- Problem details
Repeat, exactly and in full, the lines of the listing below, but without any pictures.

- Collected data
▼▼▼
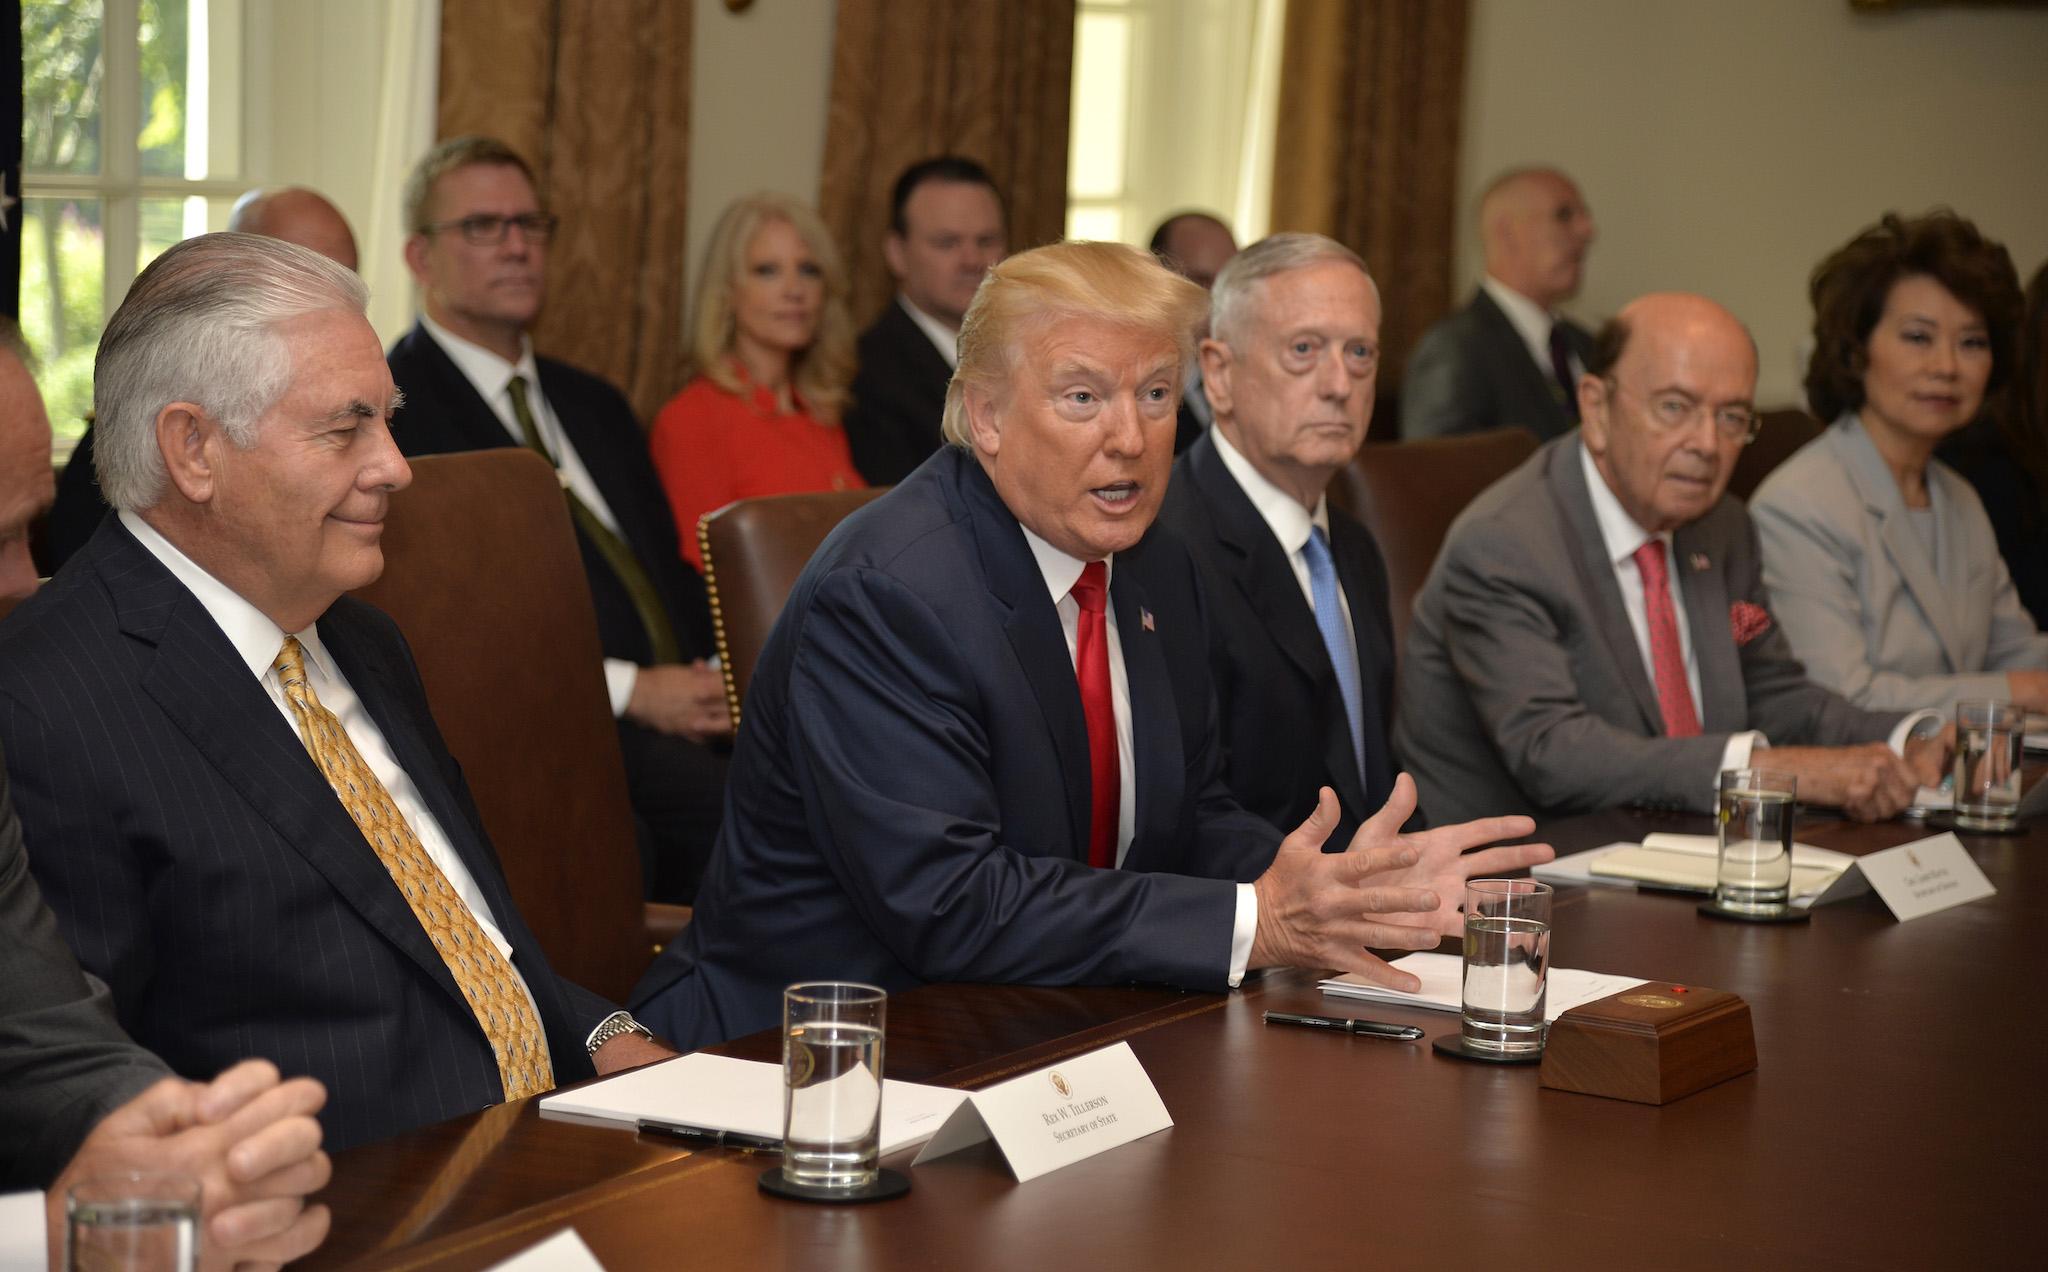 President Donald Trump makes remarks during a meeting of his cabinet
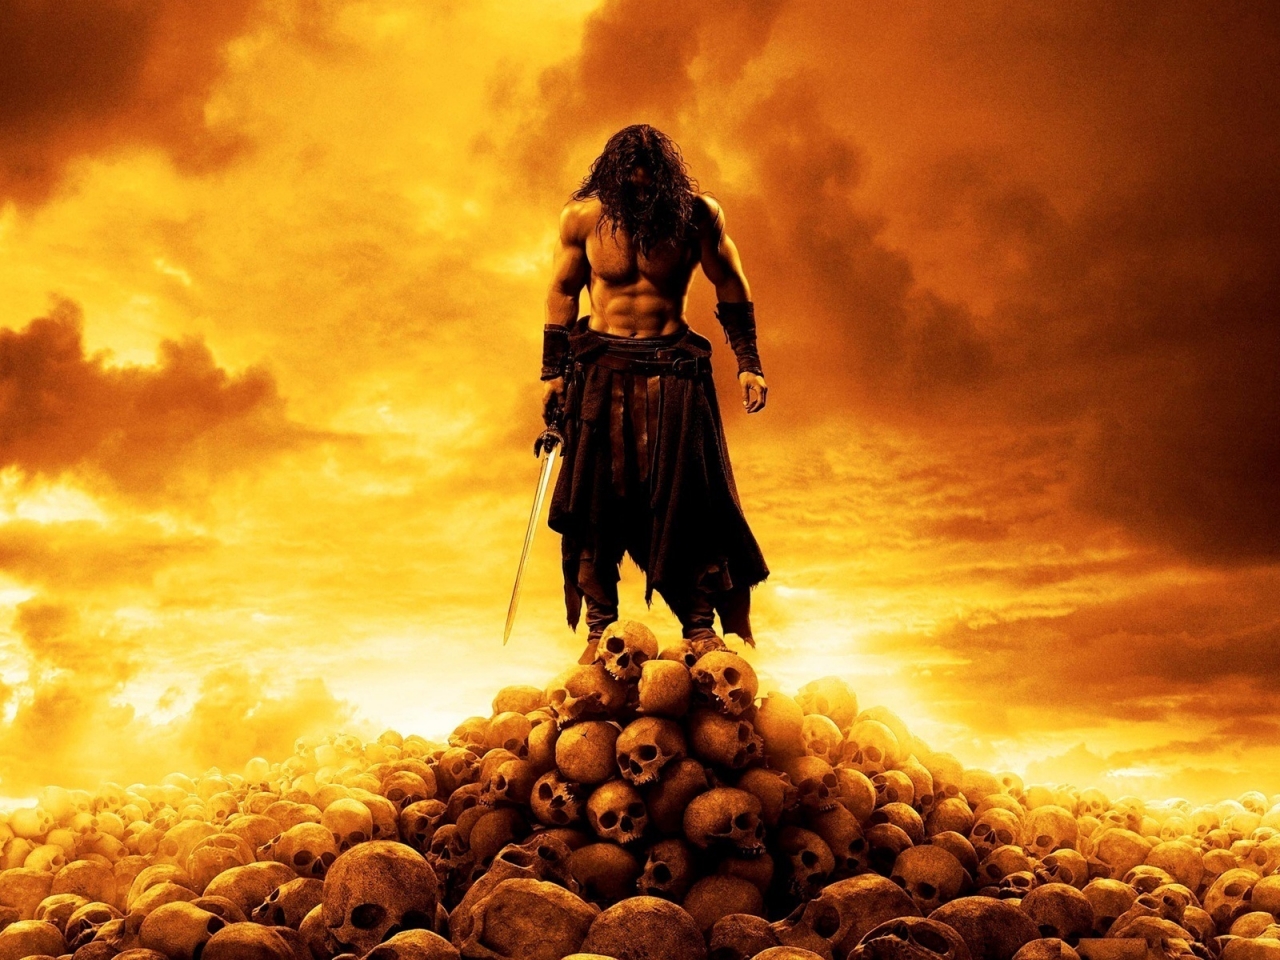 Conan the Barbarian 2011 for 1280 x 960 resolution
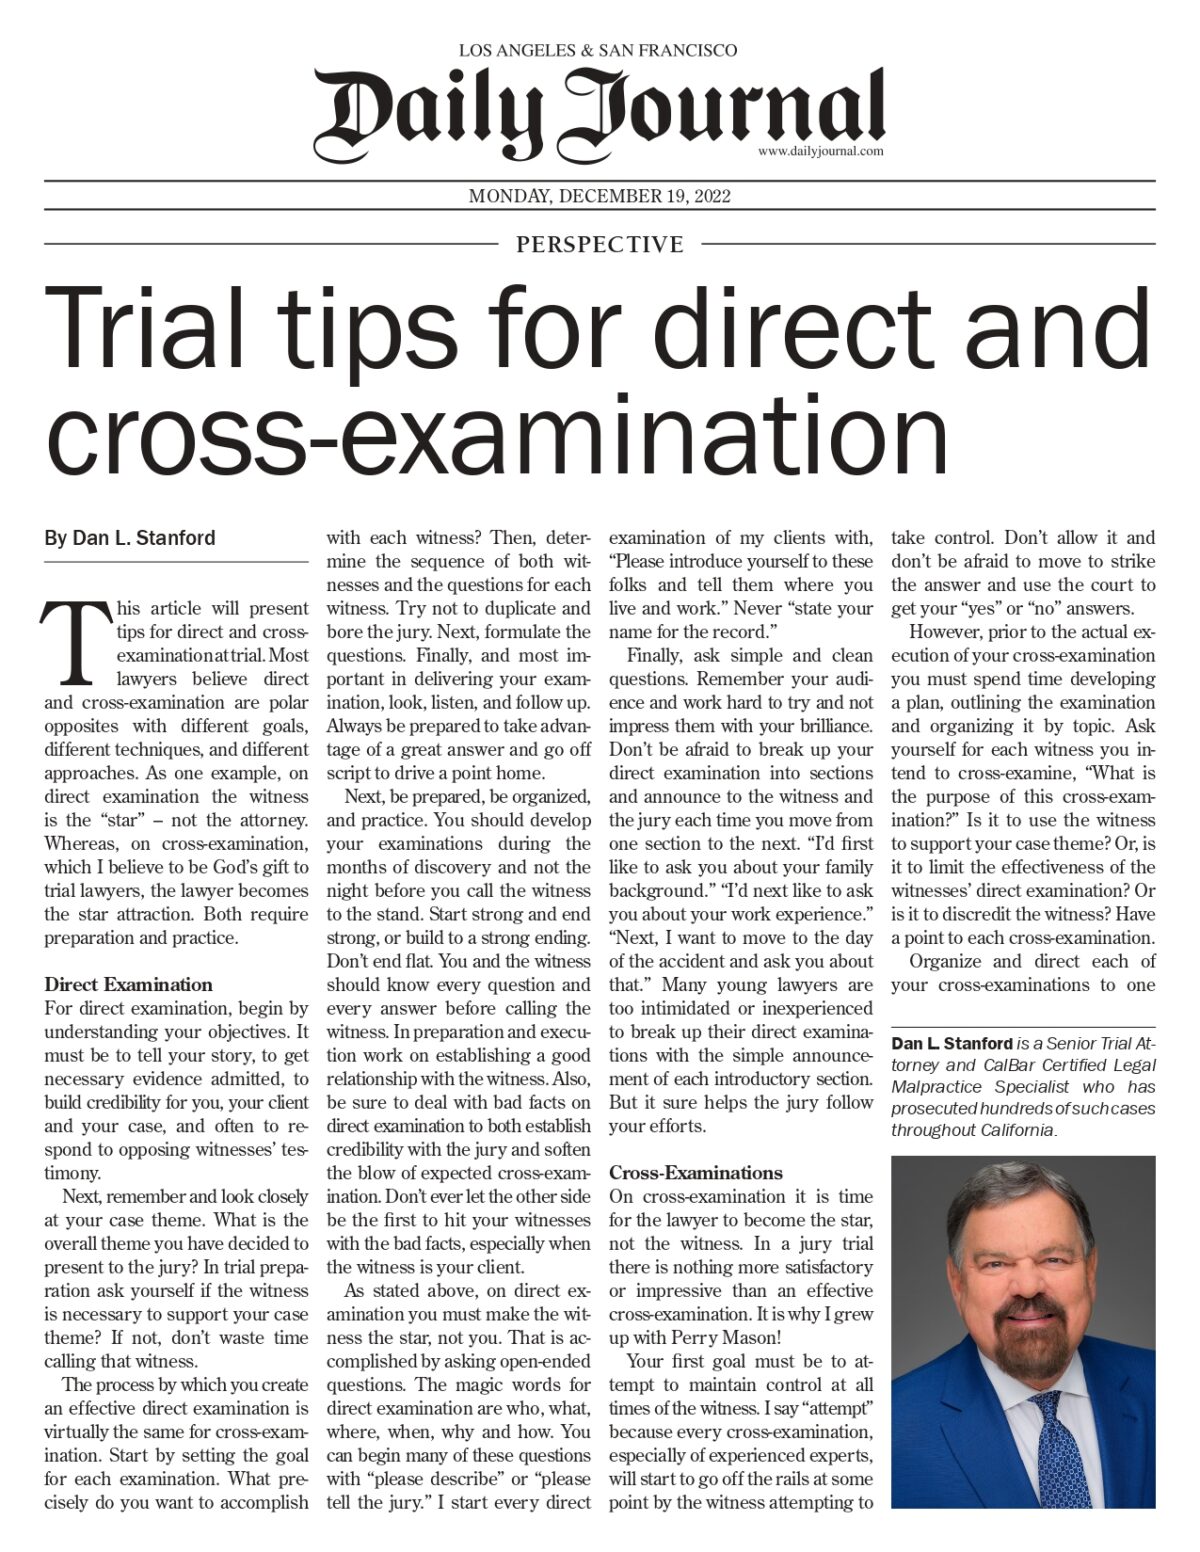 Trial tips for direct and cross-examination
▲▲▲
- Written answer
 President Donald Trump makes remarks during a meeting of his cabinet
 Conan the Barbarian 2011 for 1280 x 960 resolution
 Trial tips for direct and cross-examination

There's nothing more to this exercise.